Net issuance of Treasury bonds and notes are set to hit an all-time high of $414 billion in March, almost the twice of the previous record, according to Drut’s calculations.
The record supply comes at an difficult time for the bond market as analysts struggle to define yield levels where debt should trade in the face of uncertainty about the size of another round of fiscal stimulus from Congress, an economic recovery as coronavirus vaccines are rolled out, and the timeline for normalization of the Federal Reserve’s easy-money policies.
That uncertainty sparked a bond-market selloff last week that pushed debt prices lower, and sent the 10-year Treasury note yield TMUBMUSD10Y, 1.413% as high as 1.60% on Thursday, by some estimates, a 12 month high. Since then, the benchmark maturity has retreated to 1.41%.
The bond yield surge coincided with the worst showing in a 7-year note auction since the U.S. Treasury reintroduced the debt maturity in 2009.
The 7-year note auction TMUBMUSD07Y, 1.082% tailed by 4.2 basis points, the most in the auction’s history and an indication of poor investor appetite. The tail is the gap between the highest yield the Treasury sold in the auction and the yield before the auction began.
“I’m not sure if that was a one-off,” said Drut, who noted previous Treasury debt auctions were already showing signs of declining demand before last week.
One concern is Treasury markets as they are currently set up are ill-prepared for sharp and volatile swings in yields, especially when coupled with one-way trading.
Those fears appeared to be confirmed last Thursday when dealers, faced with a crowd of sellers but few willing buyers, may have been forced to push yields sharply higher in order to clear the unsold debt from the 7-year note auction off their balance sheets, according to Gang Hu, managing partner at Winshore Capital Partners.
“The market is under a bit of strain. The market resiliency is tested because the size of balance sheets for trading are not going up, but the size of auctions are,” said Lawrence Dyer, head of U.S. rates strategy at HSBC, in an interview.

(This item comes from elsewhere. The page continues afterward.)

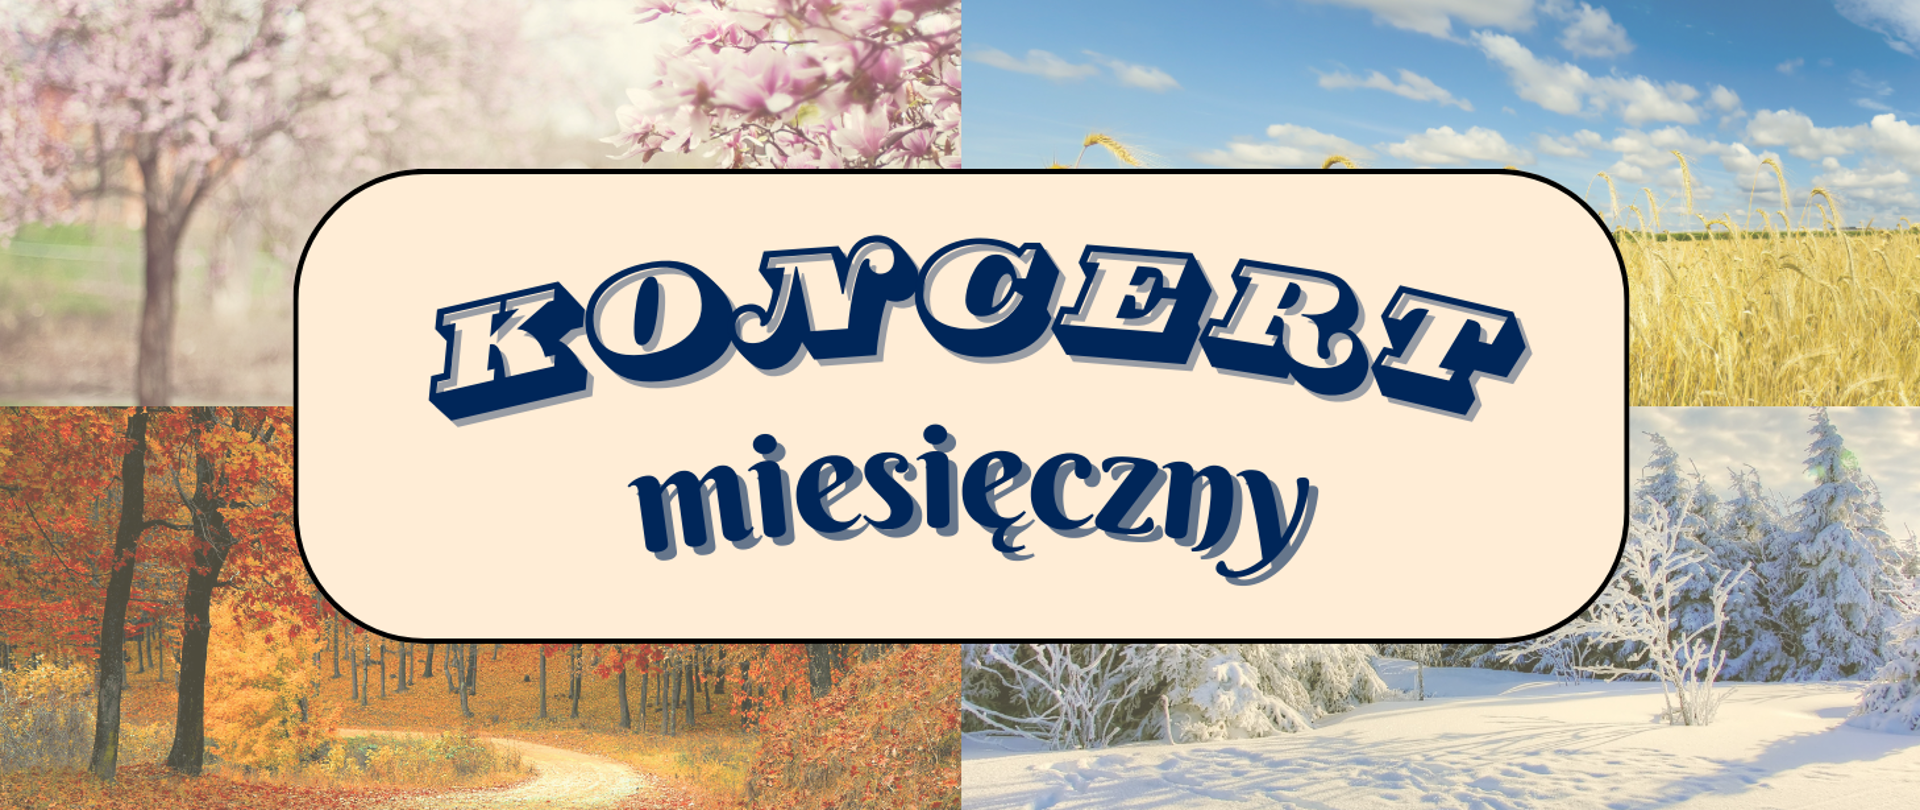 Baner koncertu miesięcznego. W tle cztery fotografie przedstawiające pejzaż wiosenny, letni, jesienny i zimowy. Na środku napis: Koncert miesięczny.

Market participants say there’s a ready solution available to the Fed.
The central bank could extend regulatory relief introduced last April on capital requirements for banks that had exempted Treasurys from being treated as assets in calculations of the so-called supplementary leverage ratio.
Under the current rules, banks must have capital equal to at least 3 per cent of their assets, with that share rising as high as 5% for so-called systematically important financial institutions.
Analysts say the continued relaxation of these rules would help ease up some of the balance-sheet constraints that had prevented broker-dealers from acting as an intermediary last March when the U.S. government bond market temporarily broke down.
“It’s a fix that’s available if it’s needed,” said Dyer.